Demokrasi adalah suatu bentuk pemerintahan politik yang kekuasaan
pemerintahannya berasal dari rakyat, baik secara langsung (demokrasi langsung) atau melalui perwakilan (demokrasi perwakilan).[1] Istilah ini berasal dari bahasa Yunani δημοκρατία – (dēmokratía)
"kekuasaan rakyat",[2] yang dibentuk dari kata
δῆμος (dêmos) "rakyat" dan κράτος (Kratos)

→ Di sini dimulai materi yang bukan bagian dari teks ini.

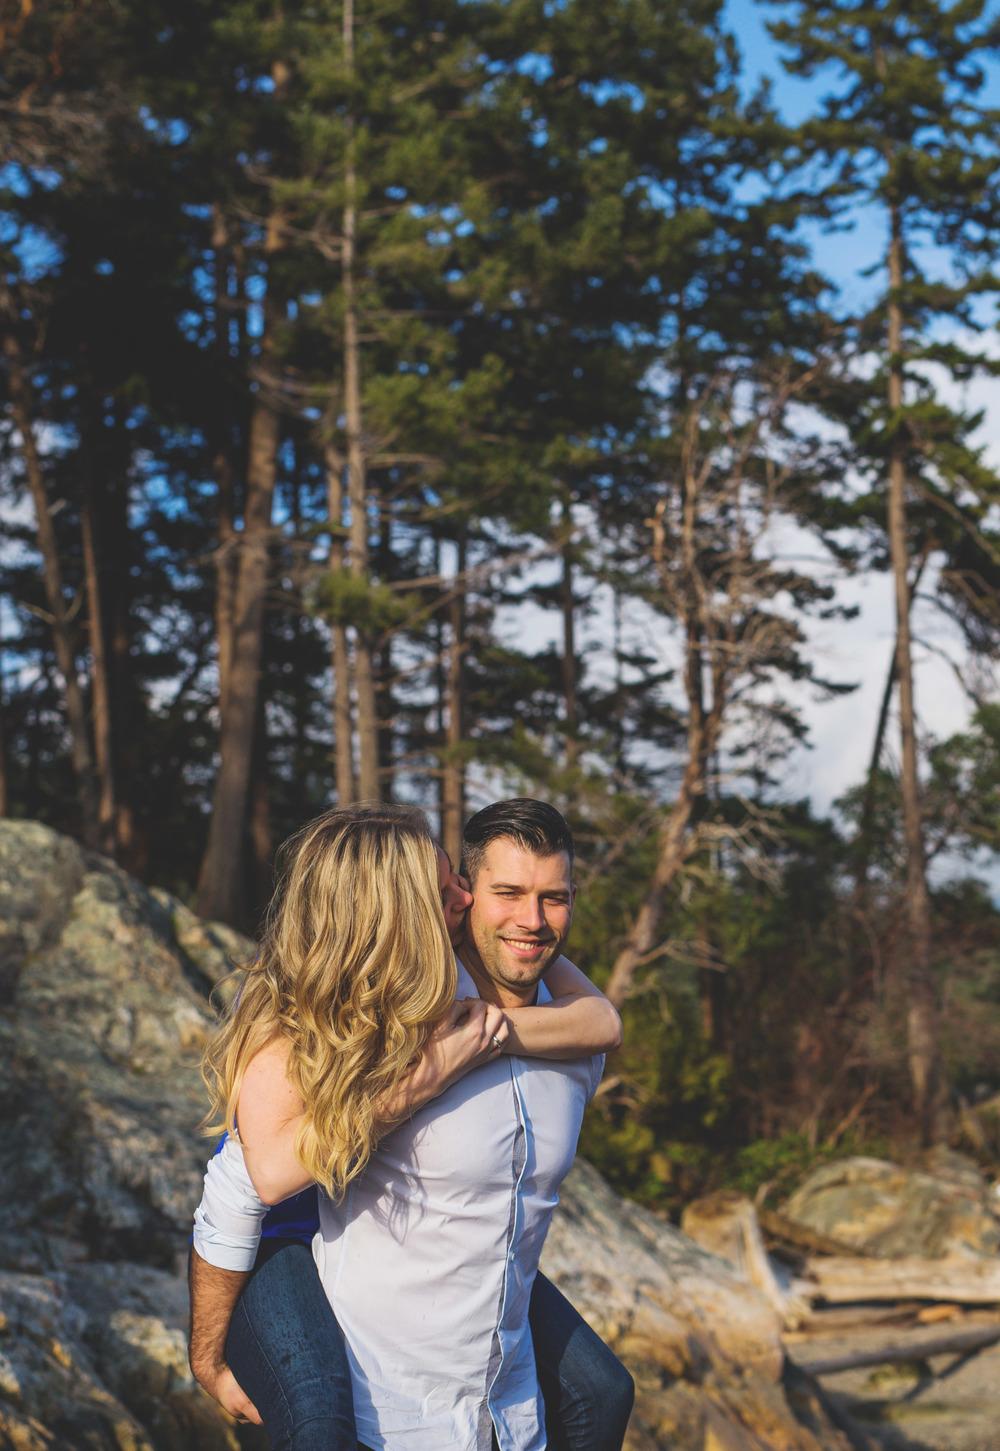 IMG_5248 JENNIFER PICARD PHOTOGRAPHY VANCOUVER WEDDING PHOTOGRAPHER.jpg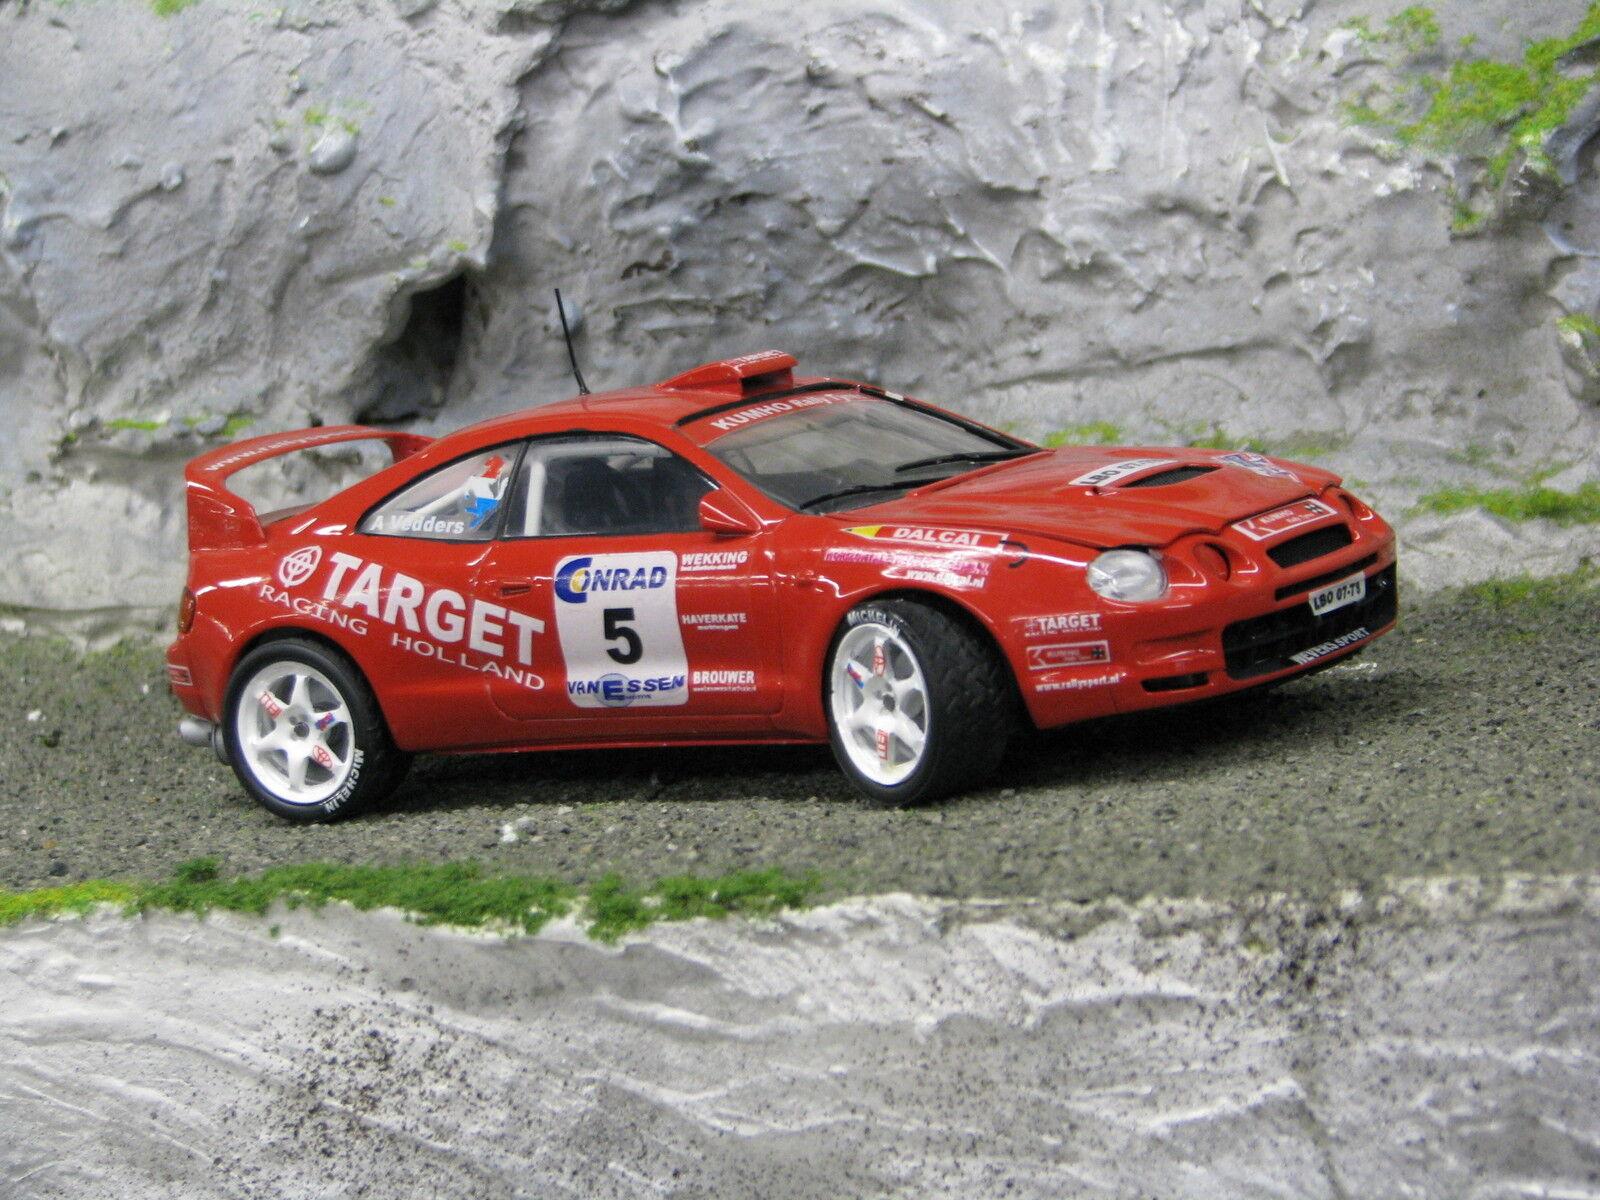 QSP Toyota Celica GT-Four 1 24  5 Nijhof   Vedders Marchall Conrad Euregio Rally

"kekuasaan", merujuk pada sistem politik yang muncul pada pertengahan
abad ke-5 dan ke-4 SM di negara kota Yunani Kuno, khususnya Athena, menyusul revolusi rakyat
pada tahun 508 SM.[3] Istilah demokrasi
diperkenalkan pertama kali oleh Aristoteles sebagai suatu bentuk
pemerintahan, yaitu pemerintahan yang menggariskan bahwa kekuasaan berada di
tangan orang banyak (rakyat).[4] Abraham Lincoln dalam pidato Gettysburgnya mendefinisikan demokrasi sebagai "pemerintahan dari
rakyat, oleh rakyat, dan untuk rakyat".[5] Hal ini berarti kekuasaan
tertinggi dalam sistem demokrasi ada di tangan rakyat dan rakyat mempunyai hak, kesempatan dan suara yang sama di dalam
mengatur kebijakan pemerintahan.[6] Melalui demokrasi,
keputusan yang diambil berdasarkan suara terbanyak.[7]
Demokrasi terbentuk menjadi
suatu sistem pemerintahan sebagai respon kepada masyarakat umum di Athena yang
ingin menyuarakan pendapat mereka.[5] Dengan adanya sistem
demokrasi, kekuasaan absolut satu pihak melalui tirani, kediktatoran dan pemerintahan otoriter lainnya dapat dihindari.[5] Demokrasi memberikan
kebebasan berpendapat bagi rakyat, namun pada masa awal terbentuknya belum
semua orang dapat mengemukakan pendapat mereka melainkan hanya laki-laki saja.[8] Sementara itu, wanita, budak, orang asing dan penduduk
yang orang tuanya bukan orang Athena tidak memiliki hak untuk itu.[9] [8]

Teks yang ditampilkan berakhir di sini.